THERE’S celebrating your regional identity and there’s boring people shitless with it. These Northern bands veered well into the latter:

The Fall

An ever-rotating cast around moaning Salford git caricature Mark E Smith, a tiny fraction of whose random hates included: Joe Strummer, TV box sets, Blade Runner, Lloyd Grossman and scruffy dressing (‘There’s no need. Primark sells some alright stuff at a fair price.’) A legend, but not one you’d like to go on a long car journey with.

The Housemartins

Their 1986 debut album was London 0 Hull 4, referring to the number of good bands in the respective cities at the time, which must have come as a shock to Eurythmics, Madness, Bronski Beat and countless other shit bands no one liked.

Northside

From the north side of Manchester. Proved how Madchester they were with their single Shall We Take A Trip, containing the least subtle drug references in musical history: ‘Shall we take a trip down memory lane’, ‘head into the clouds in the acid rain’, and the unambiguous ‘Sing LSD, sing LSD’. They may as well have called it Please Ban This Druggie Song. And the BBC did.

Happy Mondays

Youth doesn’t get much more scally than Shaun Ryder’s in Greater Manchester: ‘robbing’, not learning the alphabet until he was 28, drugs, shagging housewives, working on a building site at 13. The very definition of rough-as-f**k Manchester, tales of him are still used to frighten Southern students to this day.

The Farm

From Liverpool, in case you hadn’t noticed.

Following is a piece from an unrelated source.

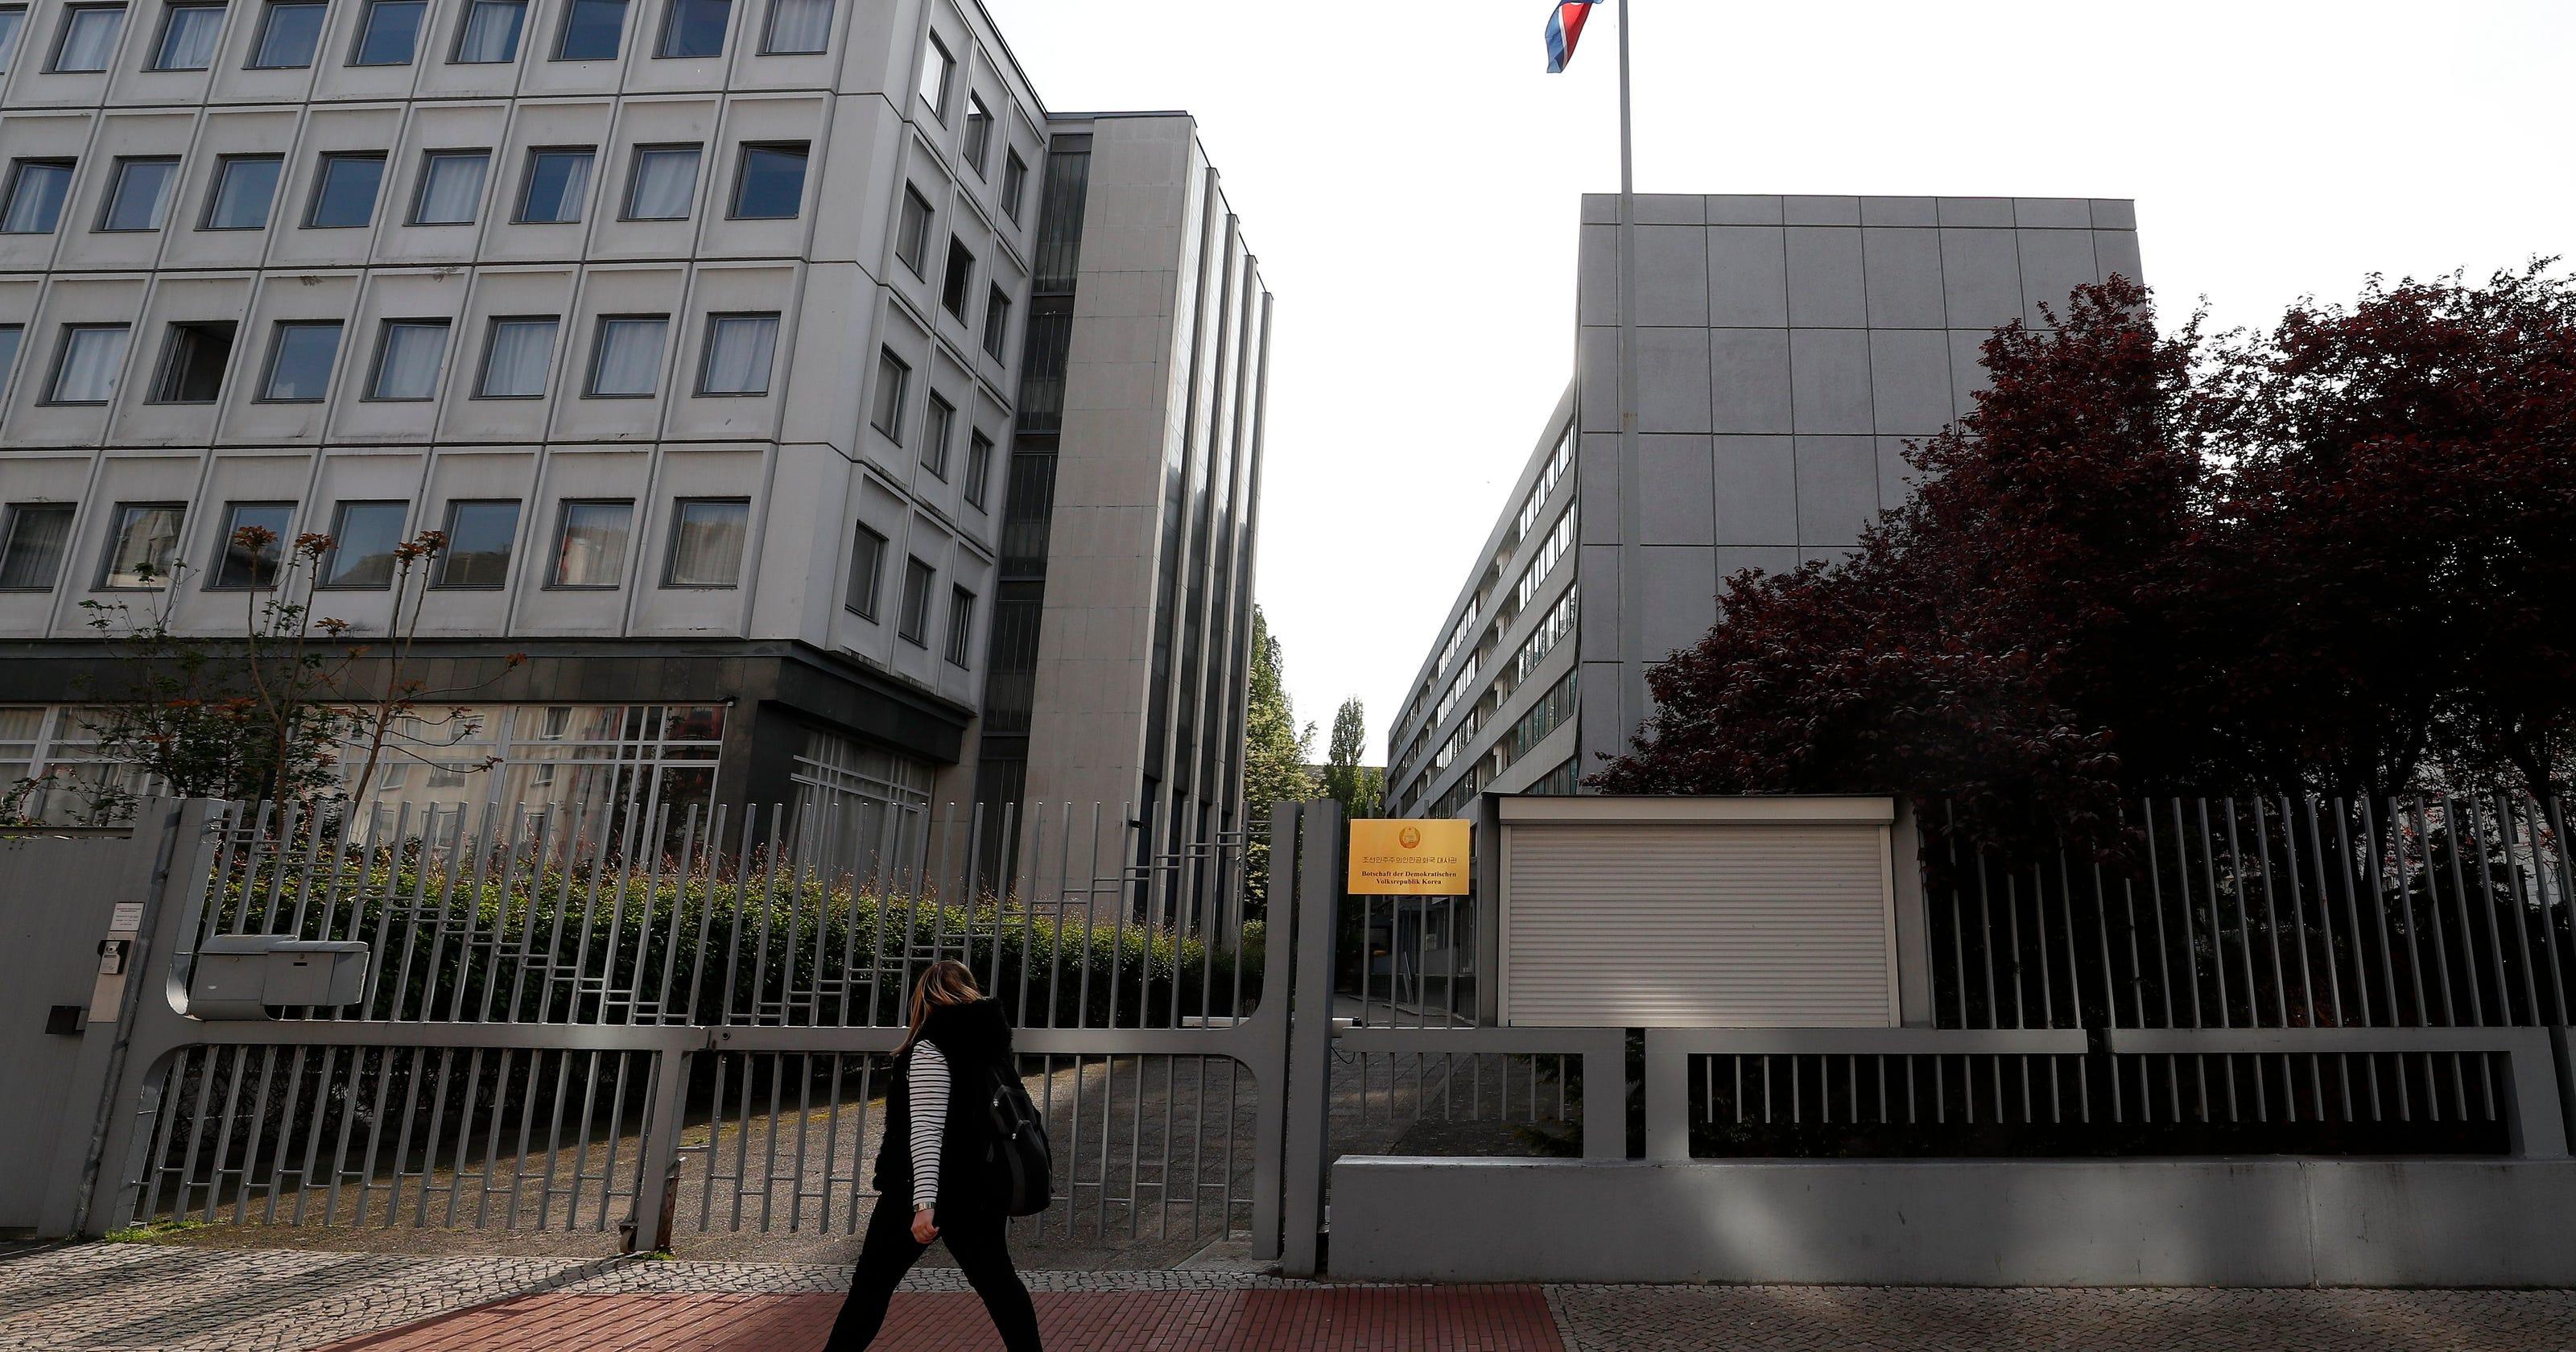 b70c2fa2ec North Korea used Berlin embassy to acquire nuclear tech  German spy chief

Peter Hooton was well into socialism, and their plodding hit All Together Now was about working class solidarity. However Groovy Train is just about a train where everyone is off their heads on drugs. Which might explain the service on TransPennine Express and Avanti.

Joy Division

Manchester is not the loveliest city compared to, say, Vienna, but it seems Joy Division lived in a part that was an ultra-bleak, dehumanising, existential future dystopia. With songs are as upbeat and chirpy as She’s Lost Control and New Dawn Fades, you wonder where that Northern sense of humour’s gone. Unless Ian Curtis was joking?

The Smiths

Morrissey turned Northern gloom into an art form. How Soon Is Now? is about going clubbing being suicidally depressing, Rusholme Ruffians reminds us that going to a funfair is grim and fatal, and Heaven Knows I’m Miserable Now describes an average day north of Crewe. Still, it’s good-time party music compared to what he’s become.